▸ **Required work**
Give the listing again in full and exactly, apart from its pictures.

▸ **Data segment**
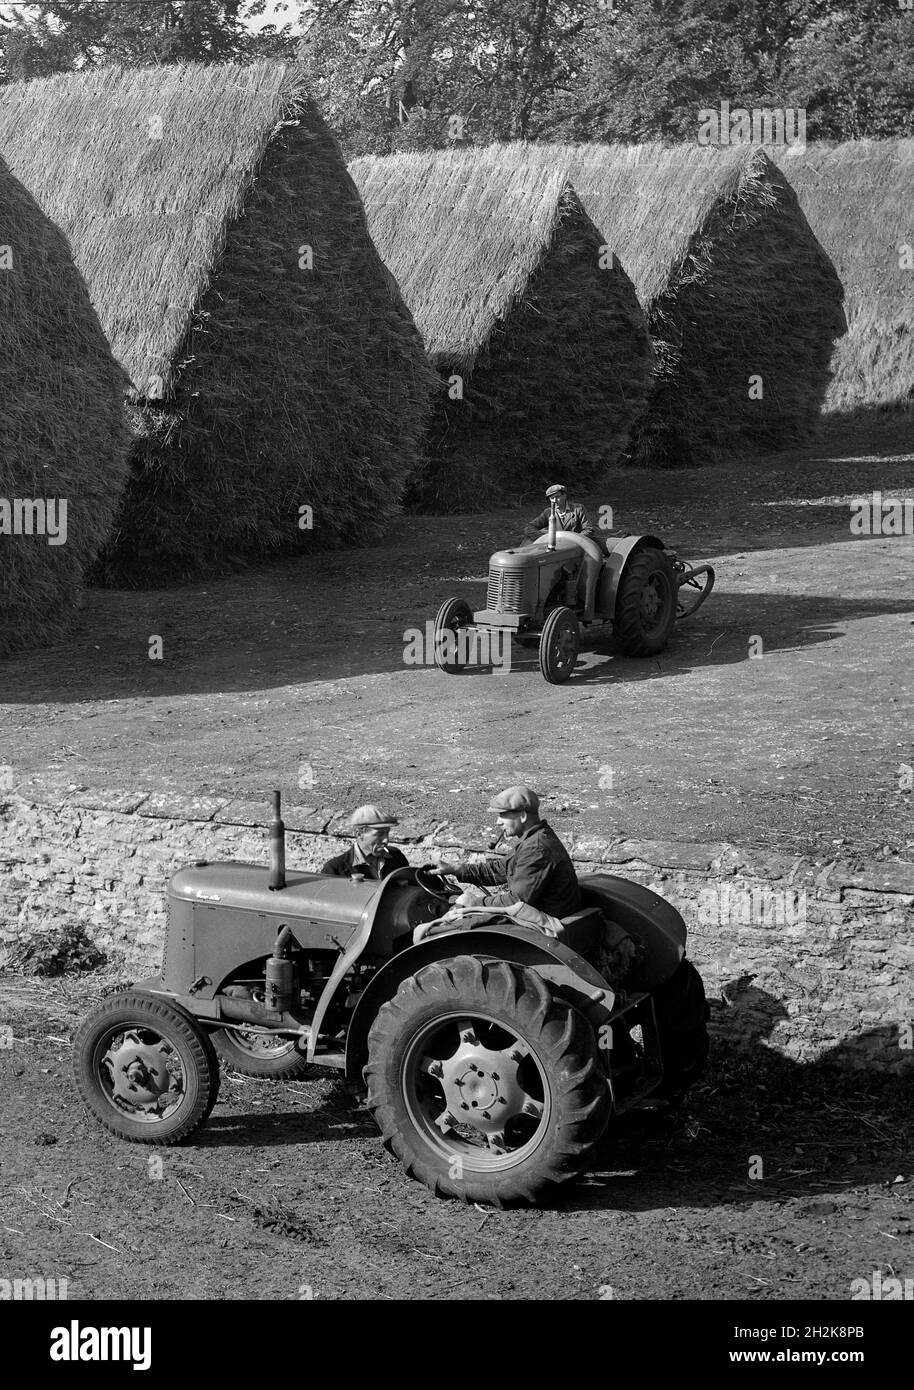 Ouvriers agricoles avec des tracteurs et des haystacks en pente Grande-Bretagne des années 1950 Banque D'Images
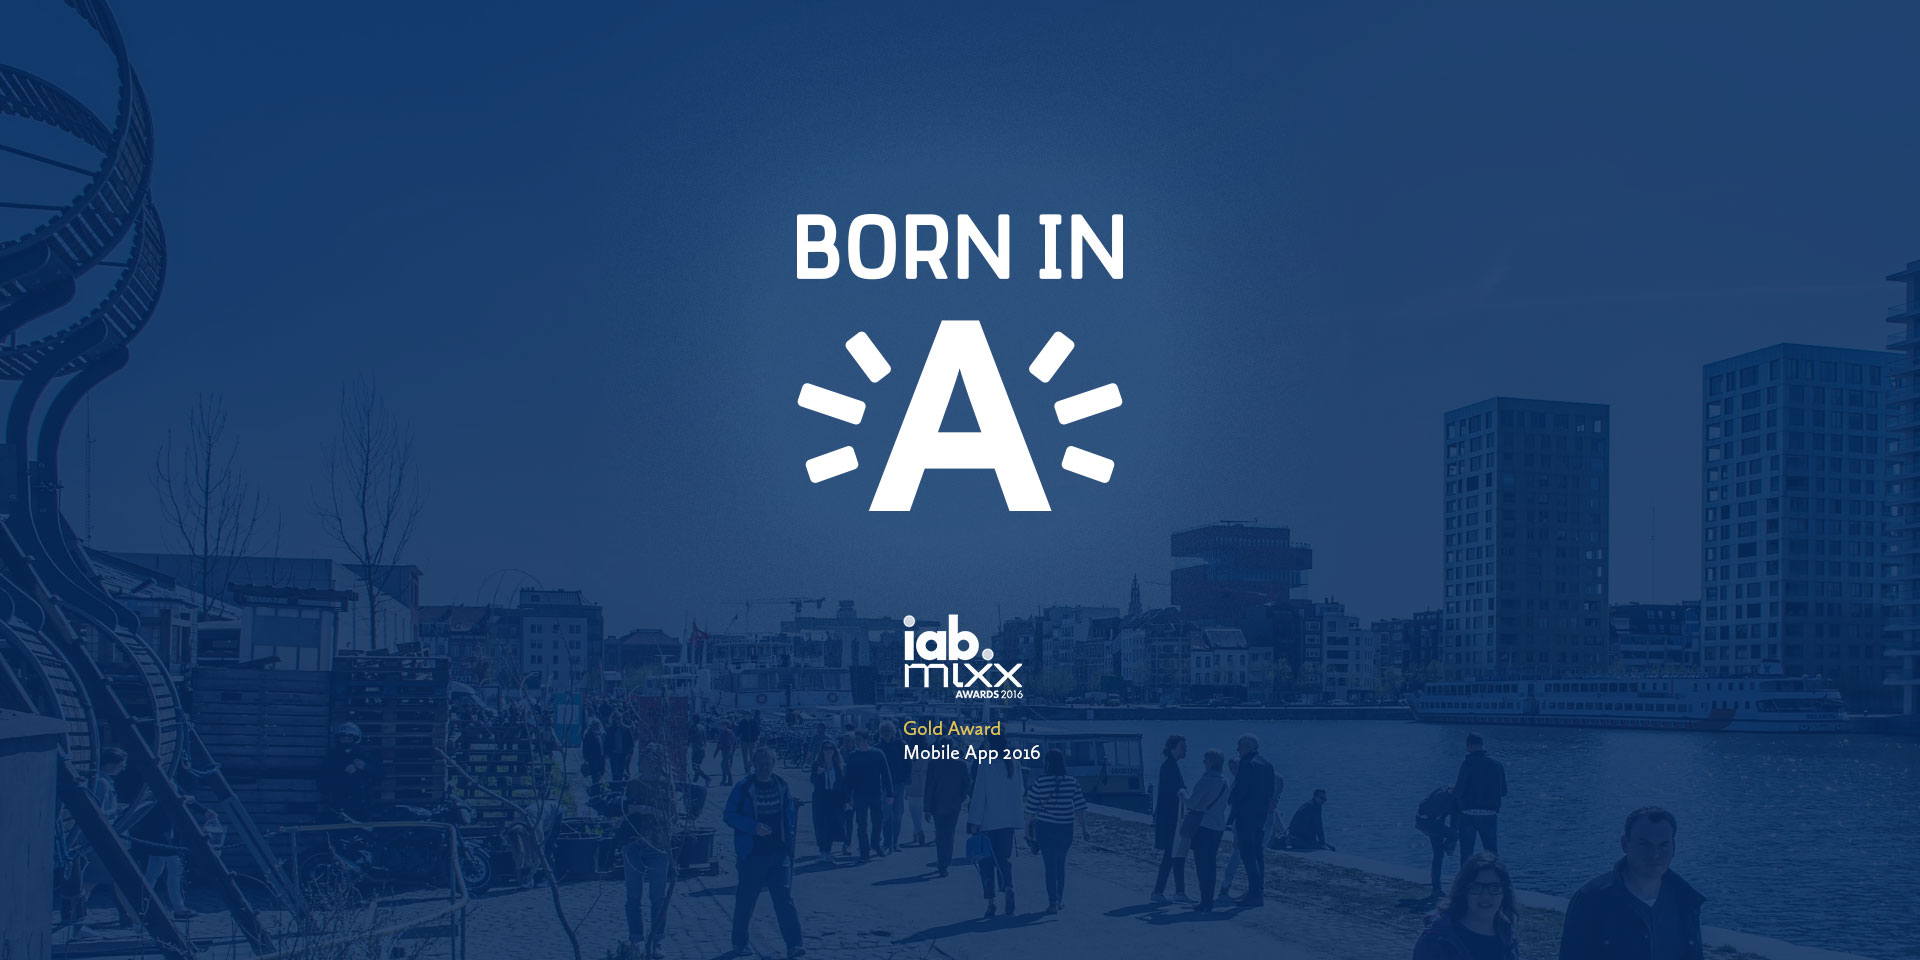 Born in Antwerp
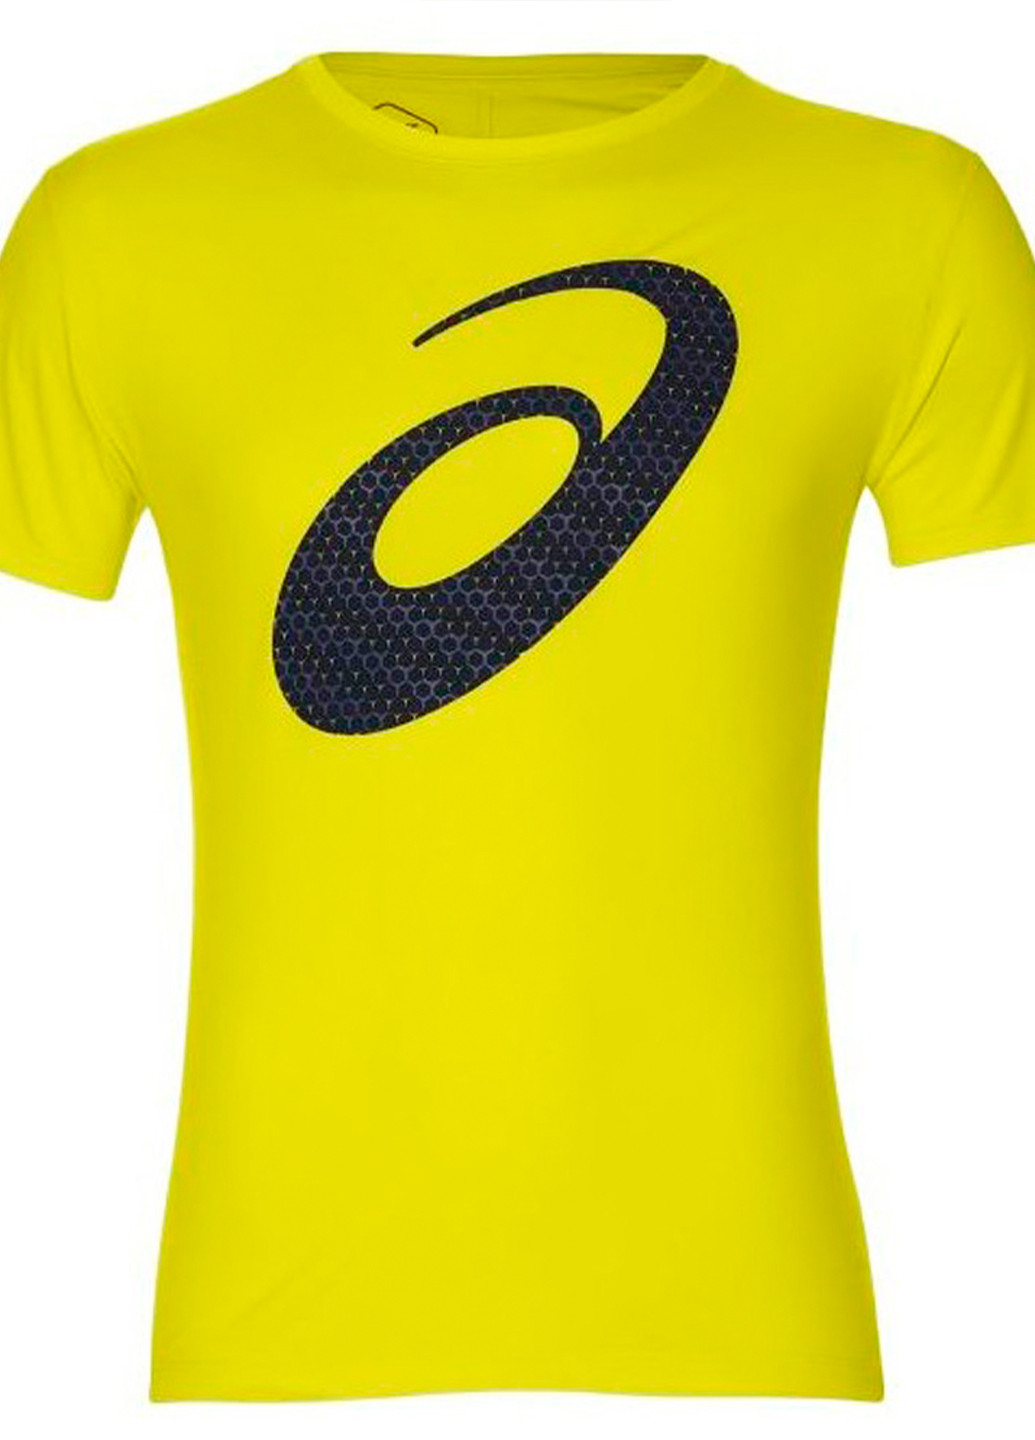 Желтая мужская футболка Asics Silver Graphic
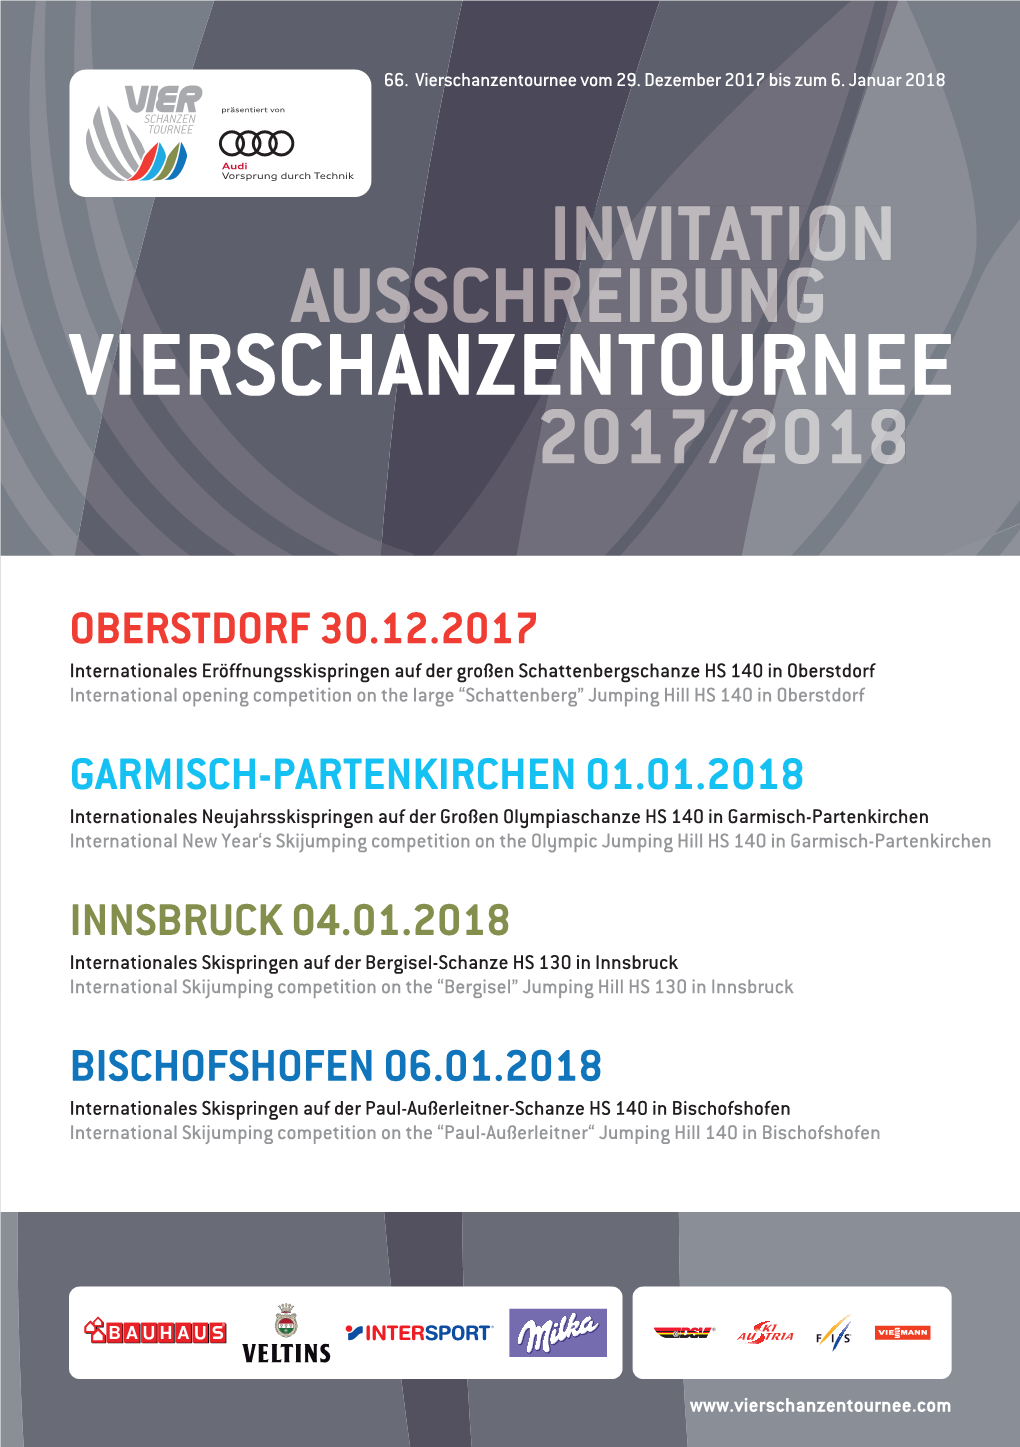 Vierschanzentournee Ausschreibung Sschreibung 2017/2018 Invitation

▸ **Exercise output**
 Ouvriers agricoles avec des tracteurs et des haystacks en pente Grande-Bretagne des années 1950 Banque D'Images
 Born in Antwerp
 Желтая мужская футболка Asics Silver Graphic
 Vierschanzentournee Ausschreibung Sschreibung 2017/2018 Invitation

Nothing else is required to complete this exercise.